Records supplied>
====================
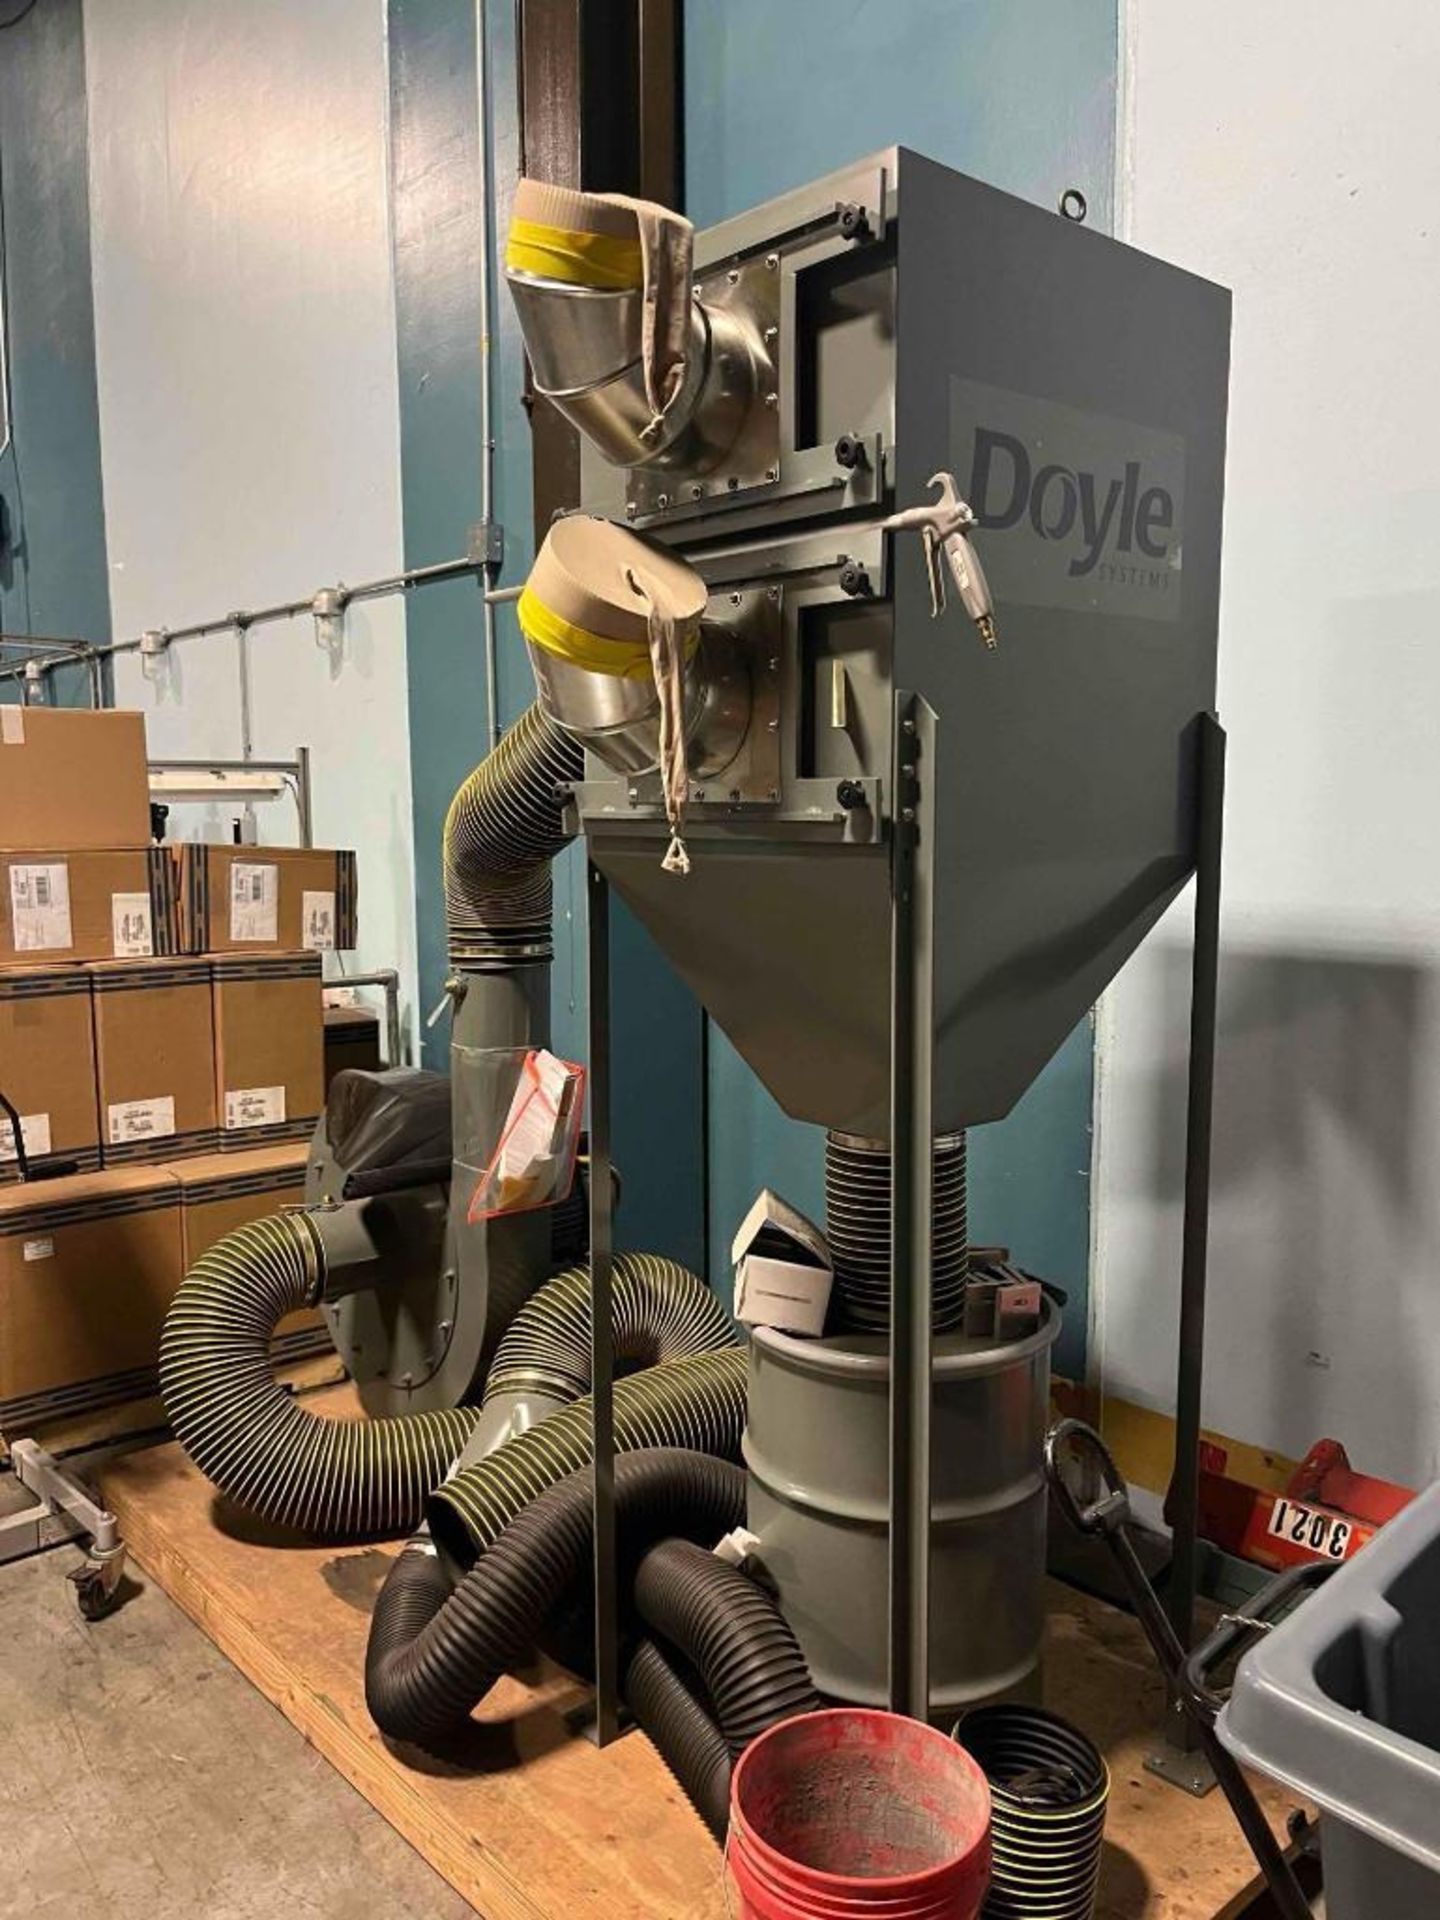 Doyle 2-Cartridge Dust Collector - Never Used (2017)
====================
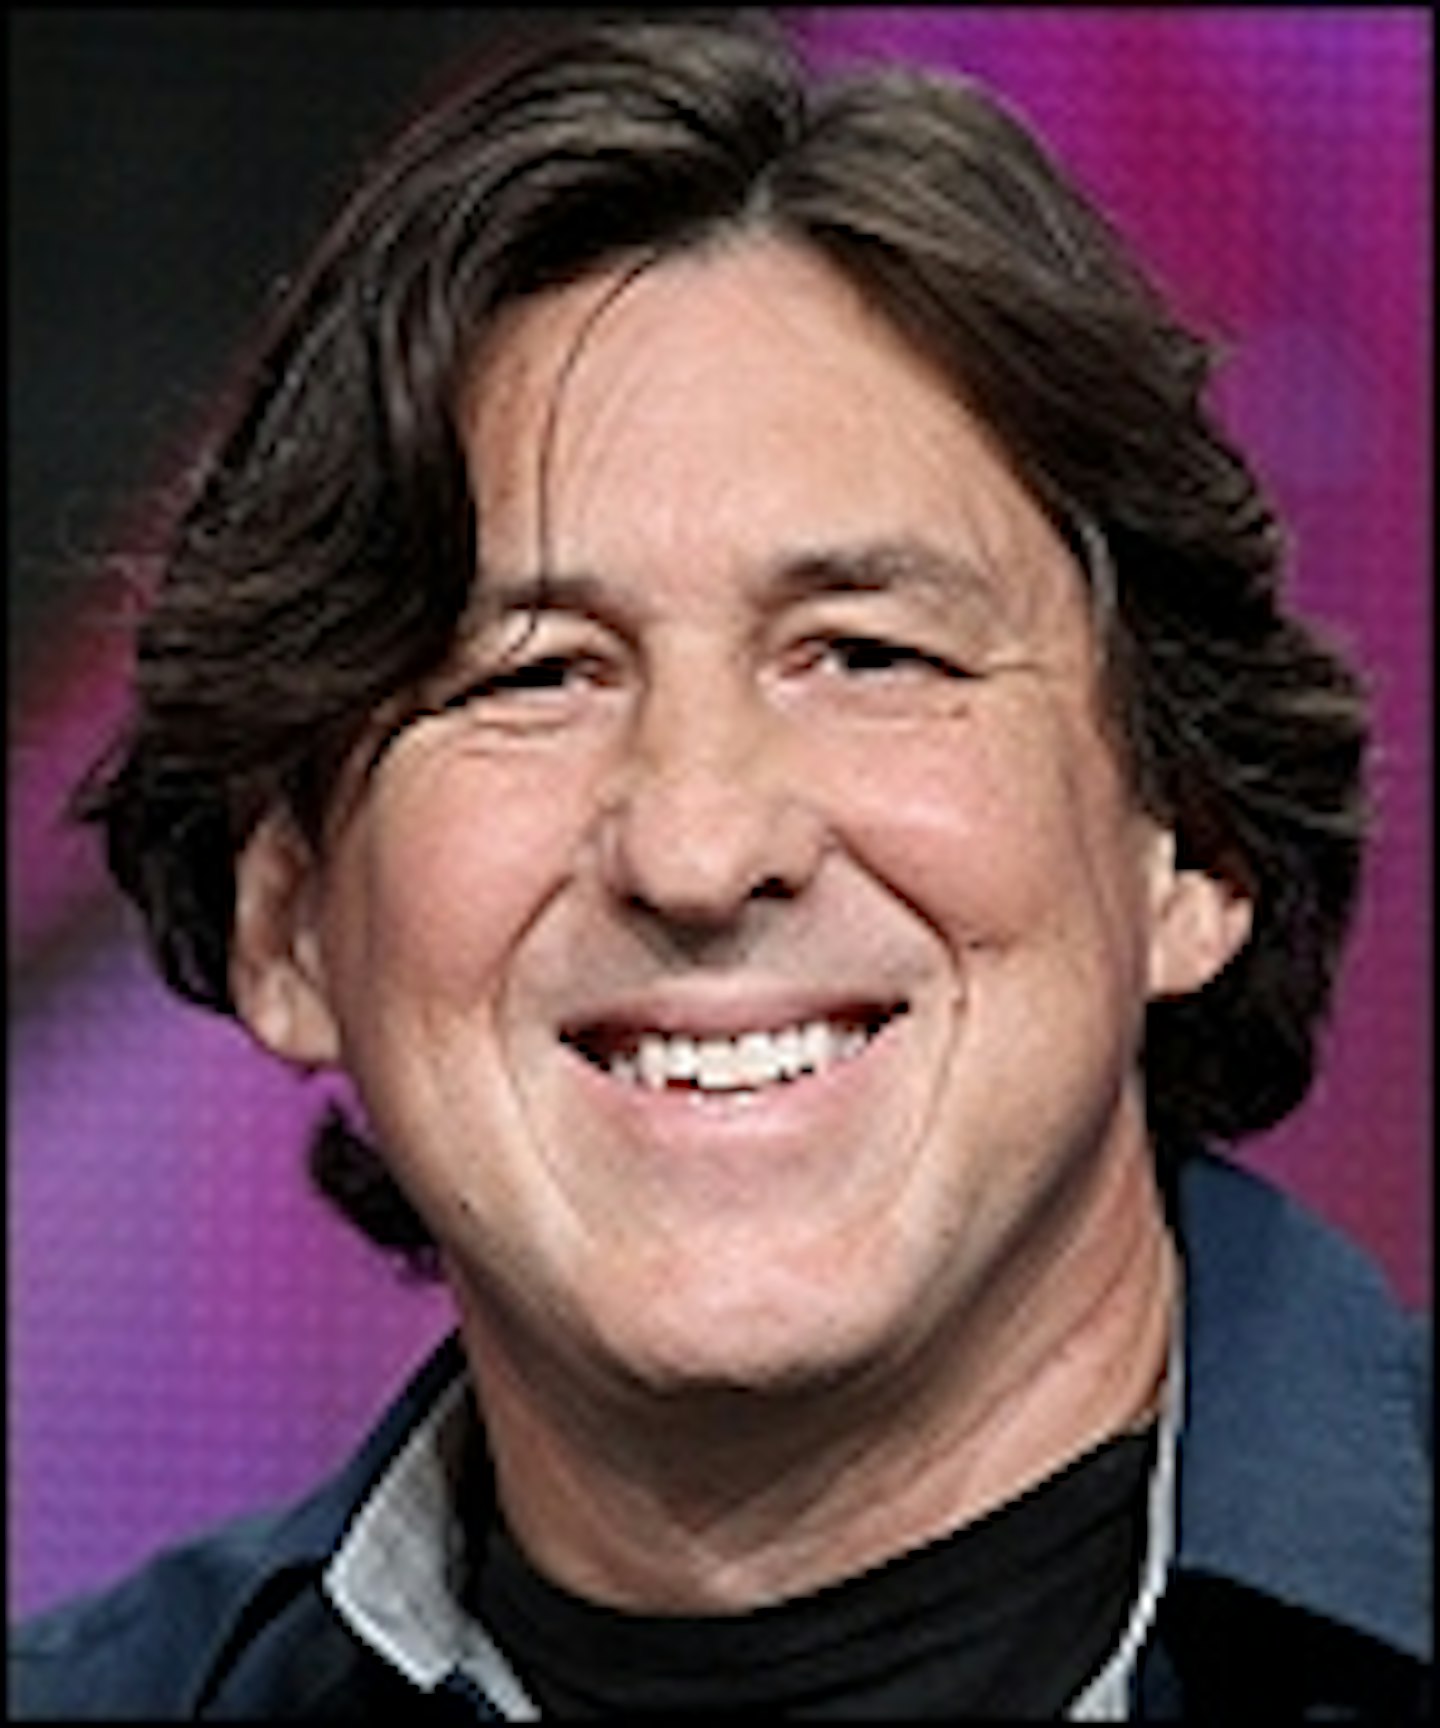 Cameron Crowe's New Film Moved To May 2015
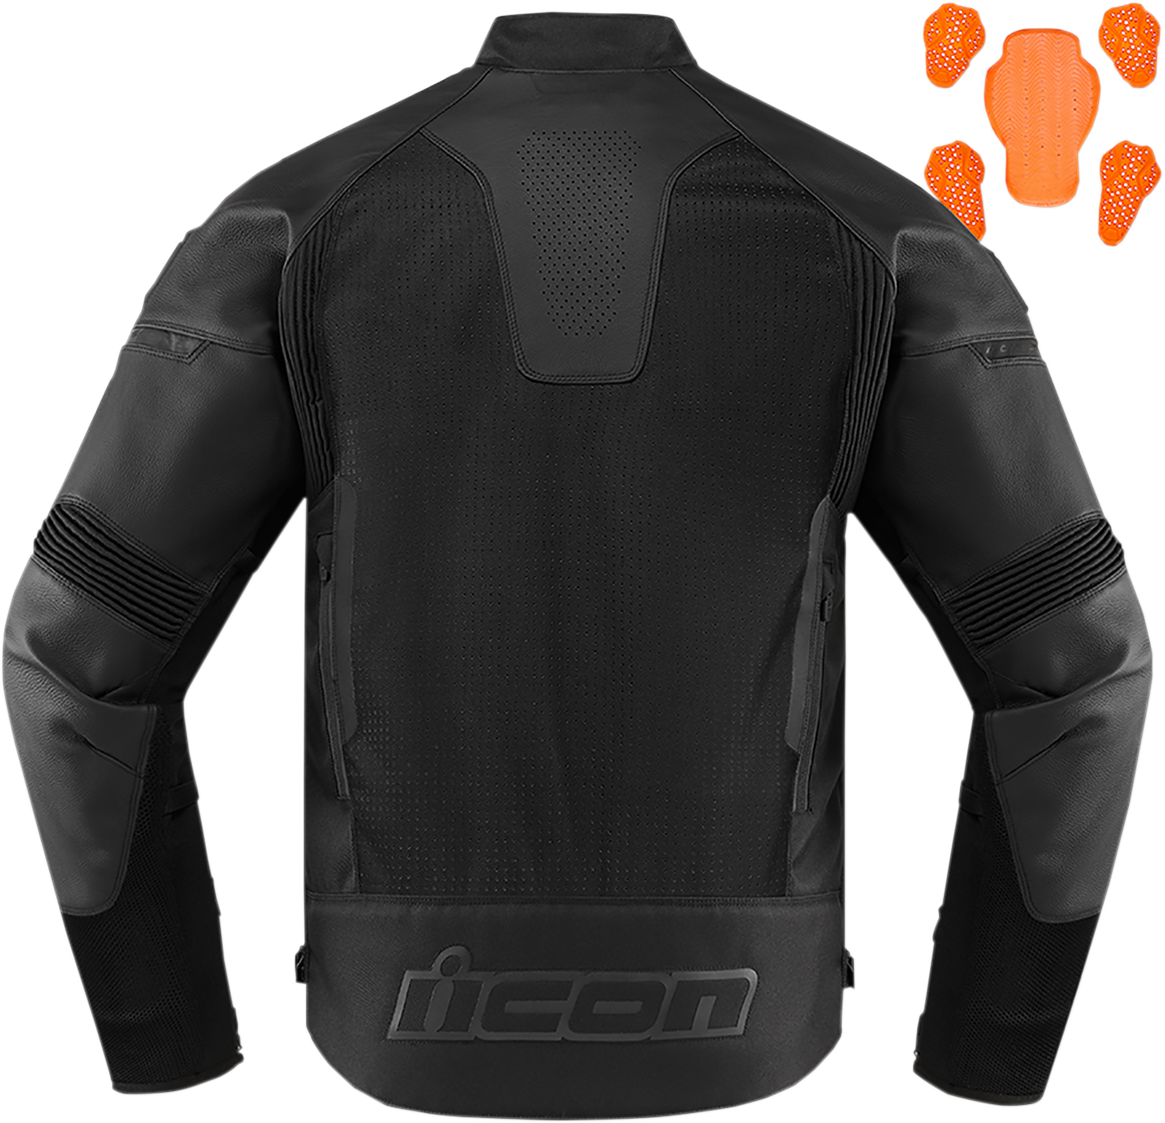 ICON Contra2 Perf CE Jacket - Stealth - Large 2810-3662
====================
Your assignment> In the records above, everything from the line with "Cameron Crowe's New Film Moved To May 2015" down to the line with "ICON Contra2 Perf" must be duplicated exactly, both lines kept. Leave no pictures in.

Result of this exercise>
 Cameron Crowe's New Film Moved To May 2015
 ICON Contra2 Perf CE Jacket - Stealth - Large 2810-3662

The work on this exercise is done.